In summary, we can conclude that violation of EMT conservation in the minimal \(f(\mathsf{R},\mathsf{T})\) gravity models could provide conditions under which the underlying model includes a de Sitter expansion at late times, at least for some subset of space parameters of the model. This fact indicates that allowing for the violation of EMT conservation, the situation of minimal \(f(\mathsf{R},\mathsf{T})\) gravity theories can be encouraging enough for cosmological models and merits further investigation, in comparison with the same models when EMT conservation is taken for granted. As the authors of [32, 34, 46] have already elucidated, respecting the EMT conservation leads to a DE description at late times but the effective EoS for such models would be found as \(w^{(\mathsf{eff})}=-1/2\), which could not be observationally accepted.
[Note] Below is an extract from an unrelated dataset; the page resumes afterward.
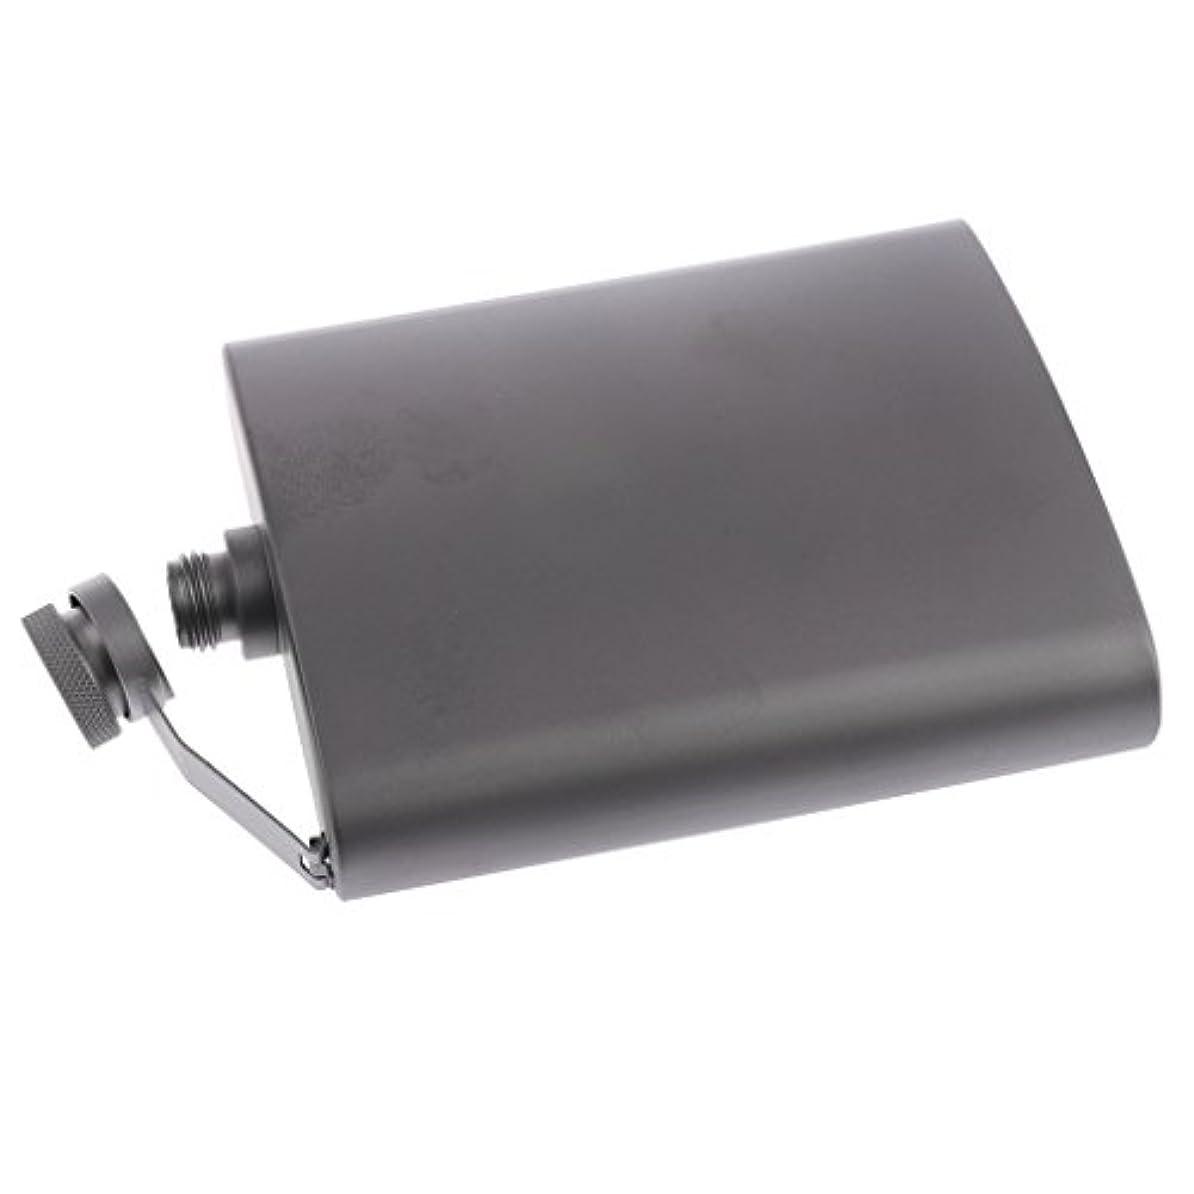 純正表面石油Perfeclan 携帯用 超軽量 ヒップフラスコ スキットル チタン製ボトル ポータブル ポケットサイズ 安全 健康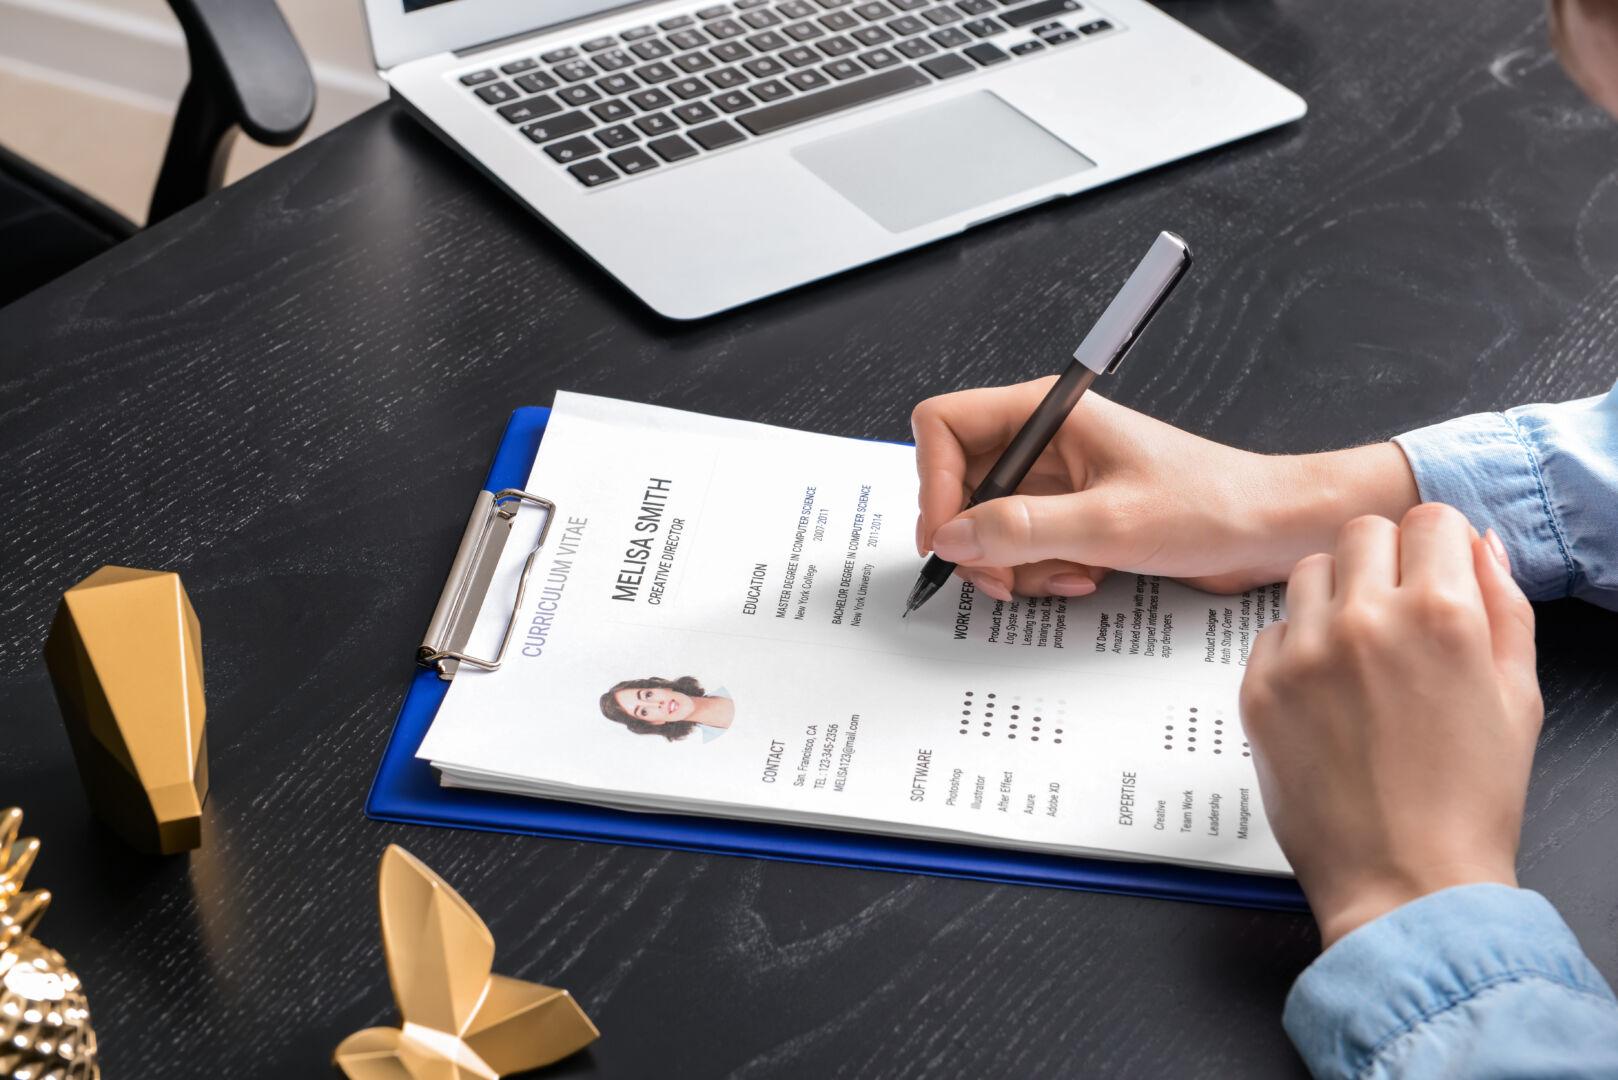 Comment valoriser votre CV ? Les conseils de Hugo Bolzinger, fondateur du Recruteur Immobilier

We also have considered models with power law sections within the Lagrangian as \(f(\mathsf{R},\mathsf{T})=\mathsf{R}^{\alpha }+(-\mathsf{T})^{\beta }\). It is found that these types of models can describe the recently accelerated expansion of the Universe for \(\alpha \rightarrow 1^{+}\) and \(-0.024<\beta <0.02\).

As the final remark, we would like to highlight that the problem of de Sitter solution in the late-time and more importantly the transition from matter dominated era to de Sitter era has been investigated previously in some other work. However, most was based on a reconstruction method in order to obtain models which include the desired behaviors [51,52,53, 55]. Nevertheless, the method presented in this work may provide a more comprehensive plan to investigate all late-time solutions as well as their stability.